In many areas, home values are skyrocketing due to constrained inventory (fewer homes for sale this year relative to past years). In these locations, homes are selling in record time (see Figure 4). Ranking time on market by itself, however, would be inappropriate. Even in the healthiest markets, the expected days on market could fluctuate greatly with the seasons or if a location has proven able to attract investor attention. To reflect a healthy time on market, we use a standardized version where values near zero indicate metros experiencing typical days on market and the largest values correspond to those metros that are selling either much, much slower or much, much faster than usual (see the methodology piece for a more specific description).

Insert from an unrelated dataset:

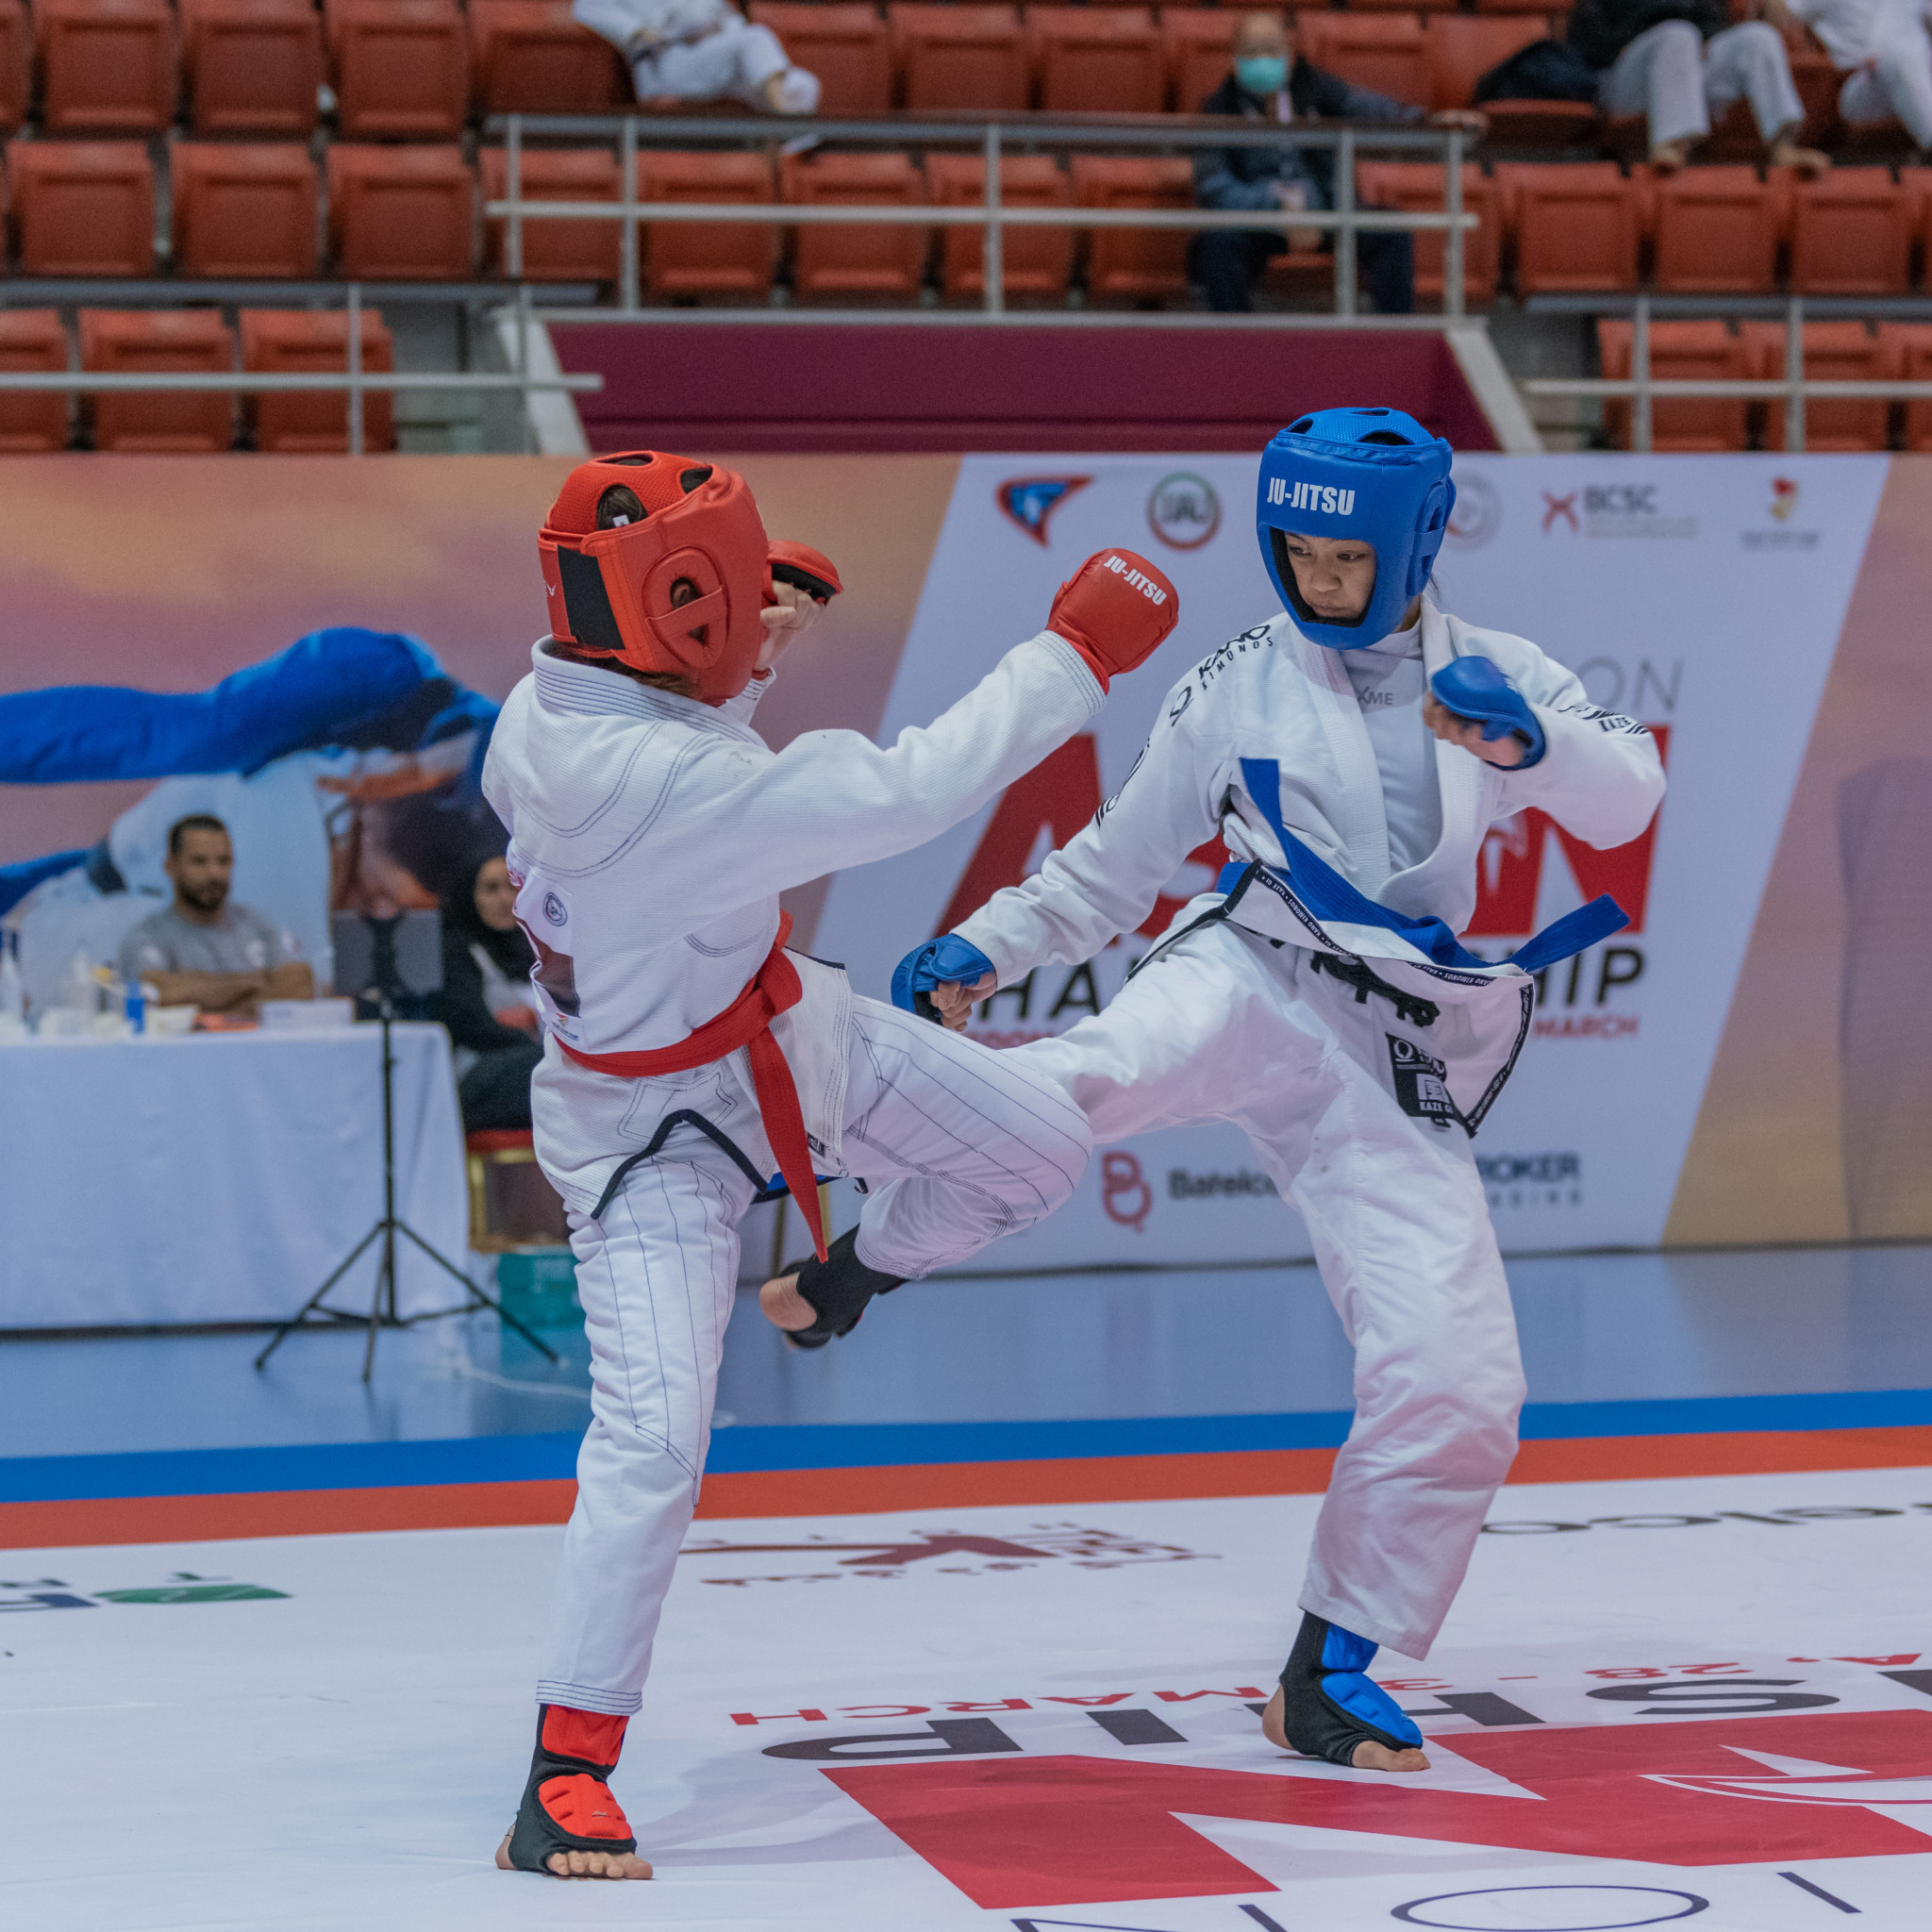 Ju-jitsu athletes have a number of major events to look forward to on the sport's calendar ©JJIF

For many, the most painful component of the housing bubble burst was the precipitous fall in home values that trapped many homeowners in negative equity, owing more on their homes than they were worth. Lost jobs lead to delinquency and the spread of foreclosures. We dedicate the final five measures to capturing this pain. We include the percentage of mortgage holders with negative equity, the percentage of these underwater homeowners delinquent on their loans, the number of foreclosures out of 10,000 homes, the percentage of sales composed of previously foreclosed homes, and our estimate for the number of homes still held by banks (unsold REOs) for every 10,000 homes out there.

For each of the ten metrics used in the Market Health Index, we assign each region a score along a continuous scale from 0 to 10, where 10 corresponds to the healthiest value and 0 to the least healthy among all regions in the US with available data. For regions with at least 5 of these adjusted scores available, we estimate the average score and rescale to range from 0 to 10. This becomes the Market Health Index.